Data provided:

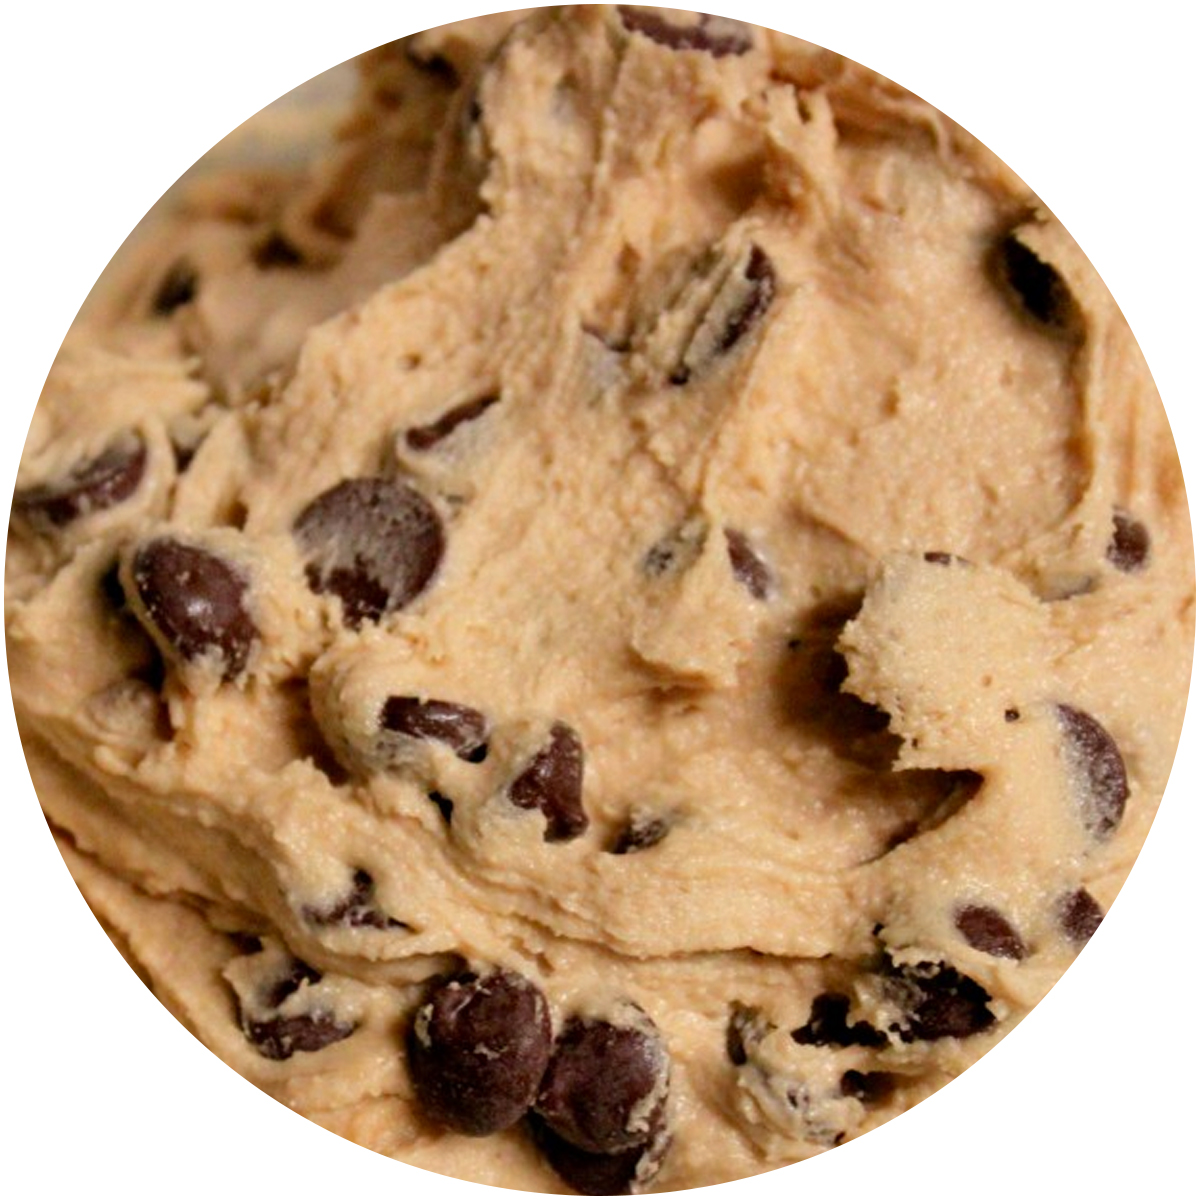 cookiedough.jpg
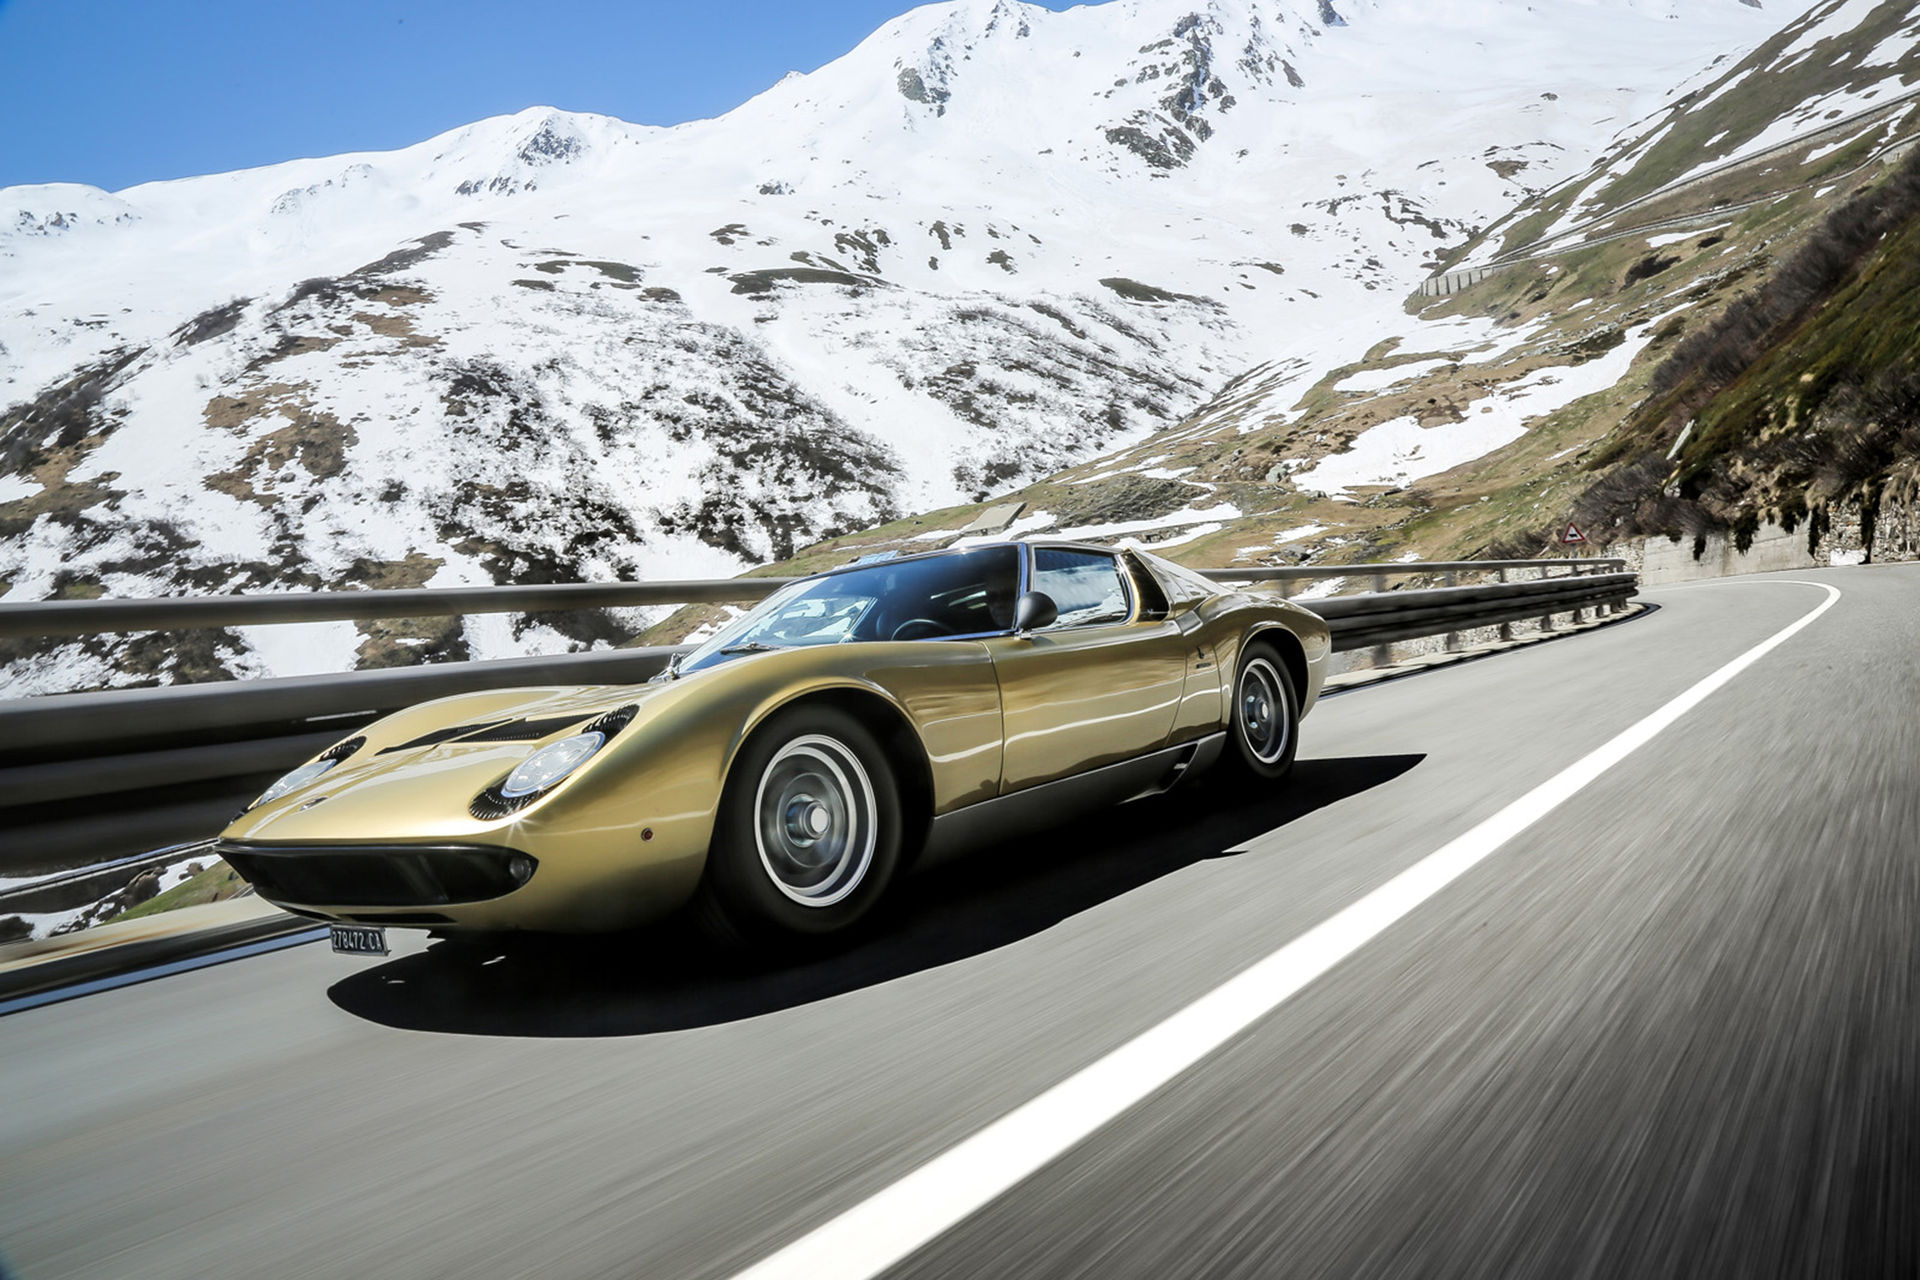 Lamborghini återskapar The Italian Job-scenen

---

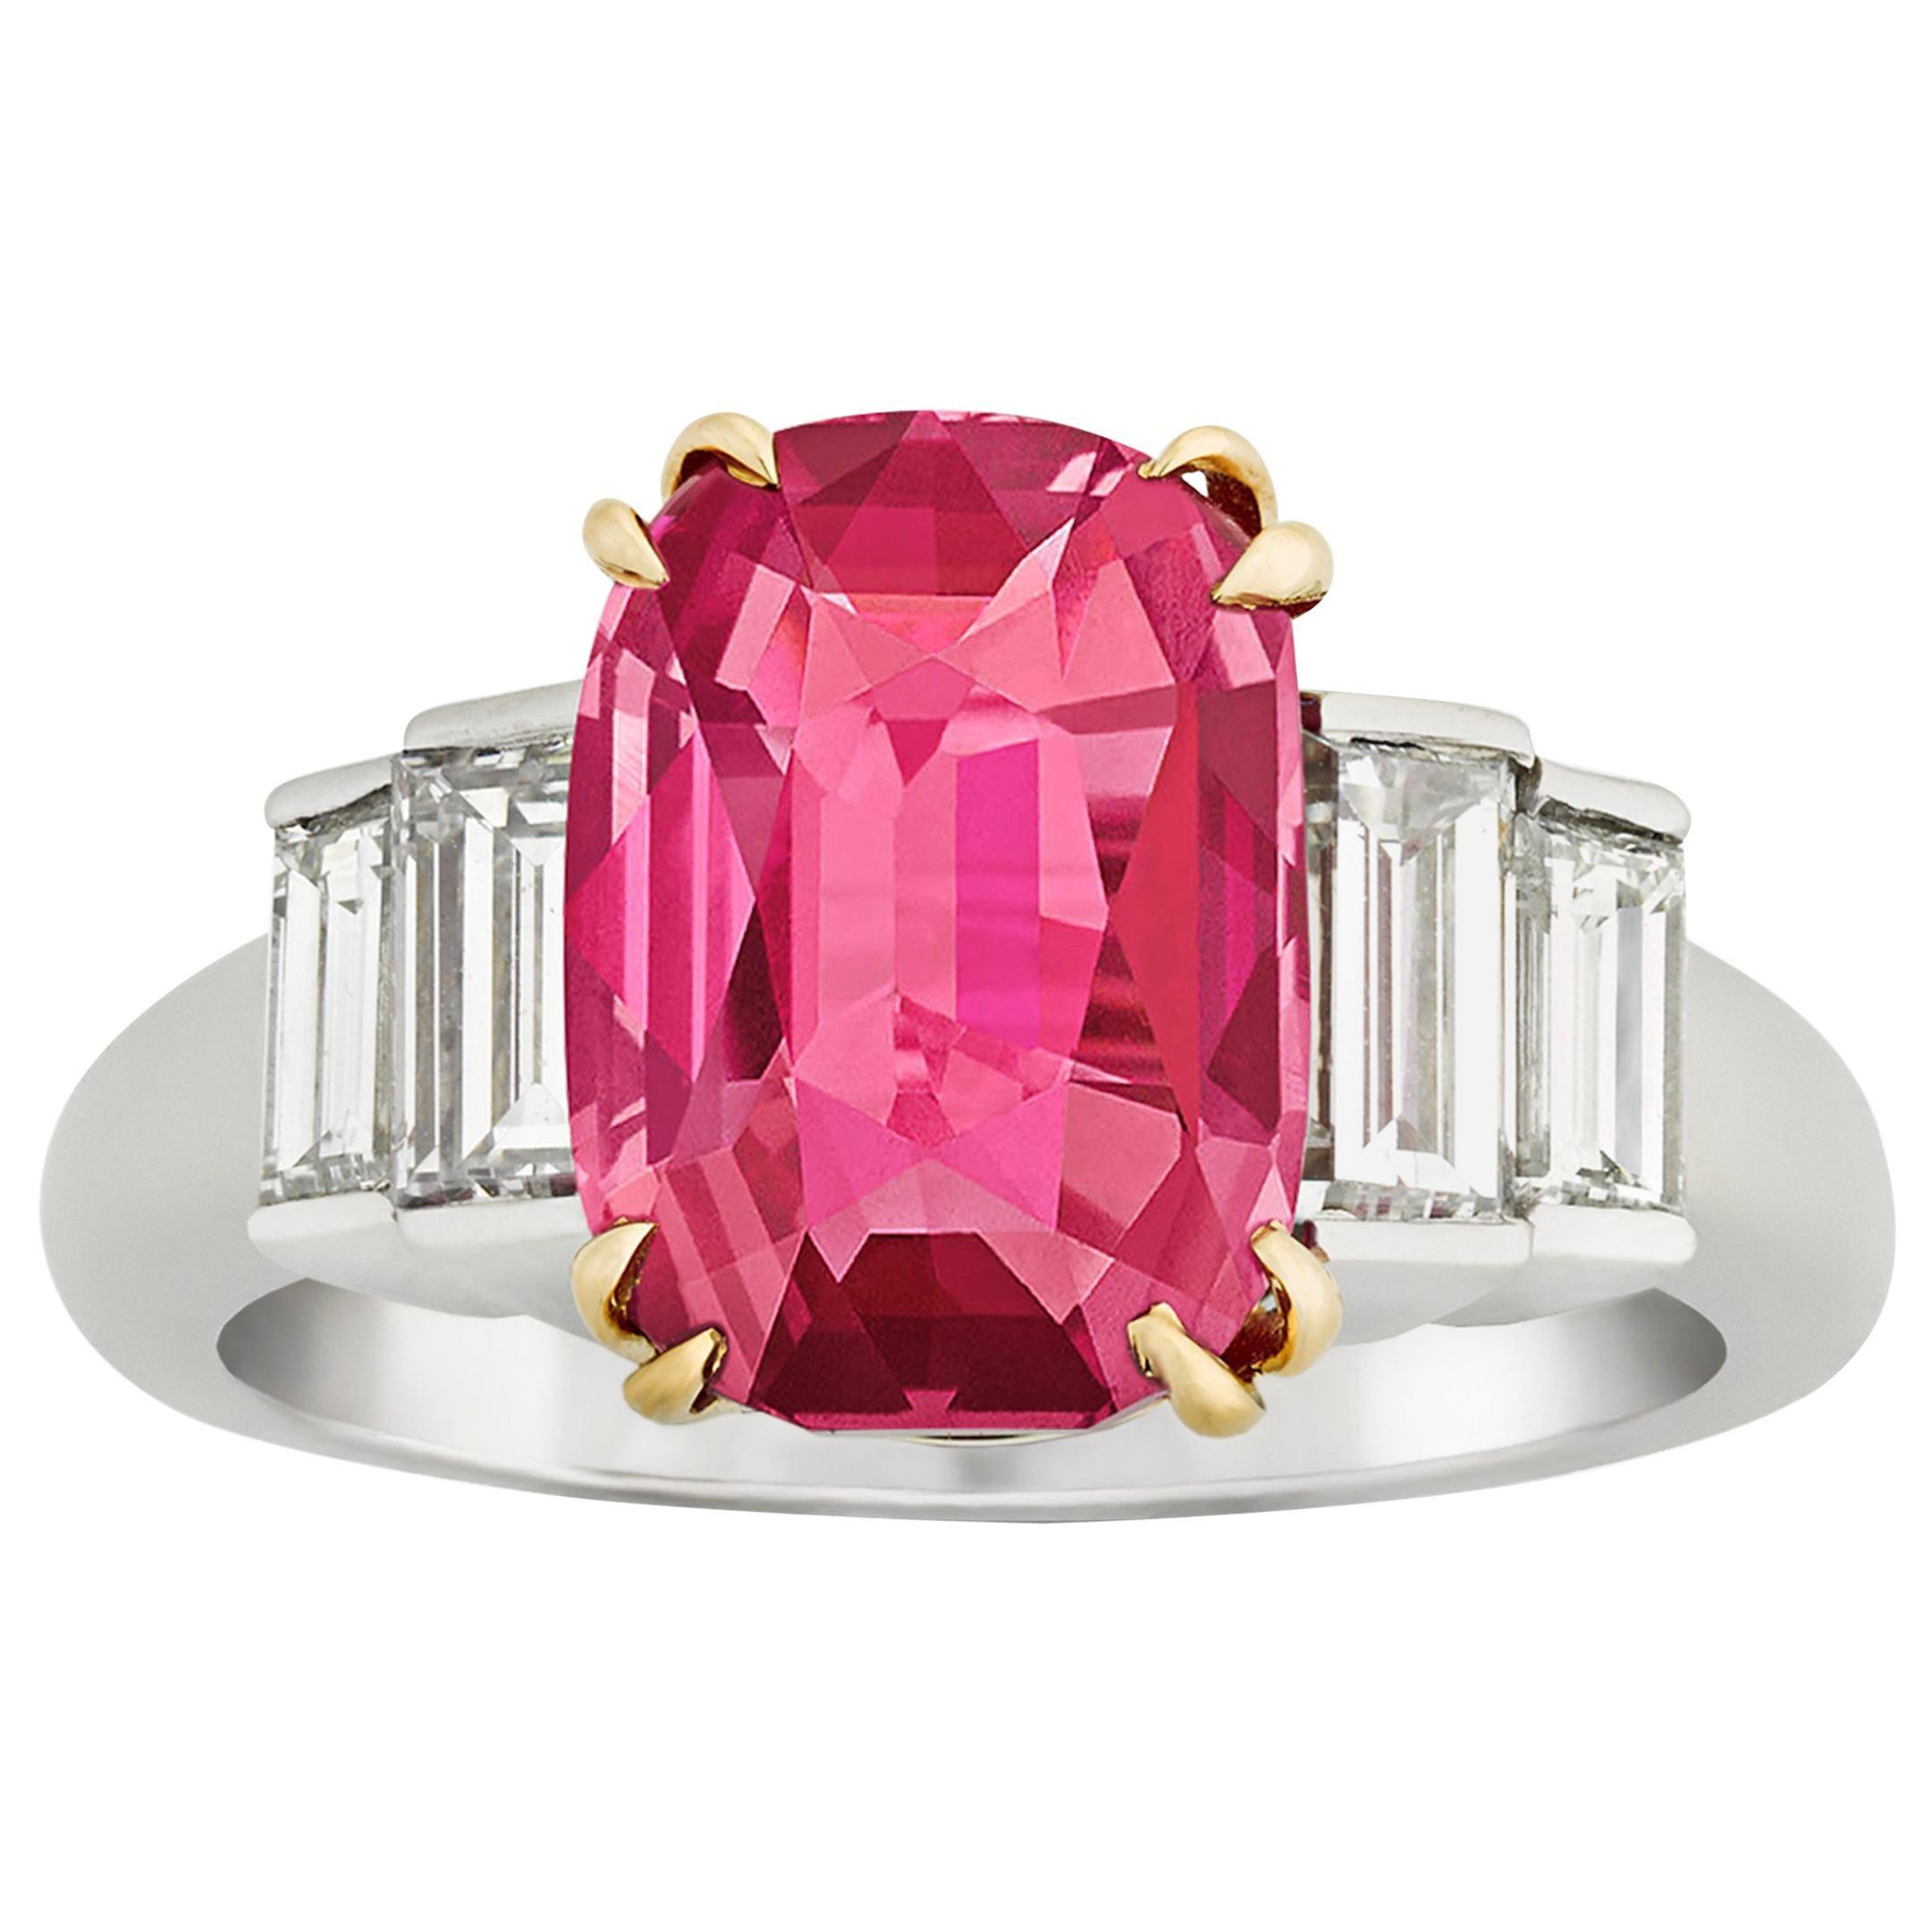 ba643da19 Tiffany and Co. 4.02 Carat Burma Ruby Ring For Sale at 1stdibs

Description of the task:
Could you write out exactly the lines of the data above that run from the one holding "cookiedough.jpg" to the one holding "Lamborghini återskapar The", with both ends in and all pictures out?

Task output:
 cookiedough.jpg
 Lamborghini återskapar The Italian Job-scenen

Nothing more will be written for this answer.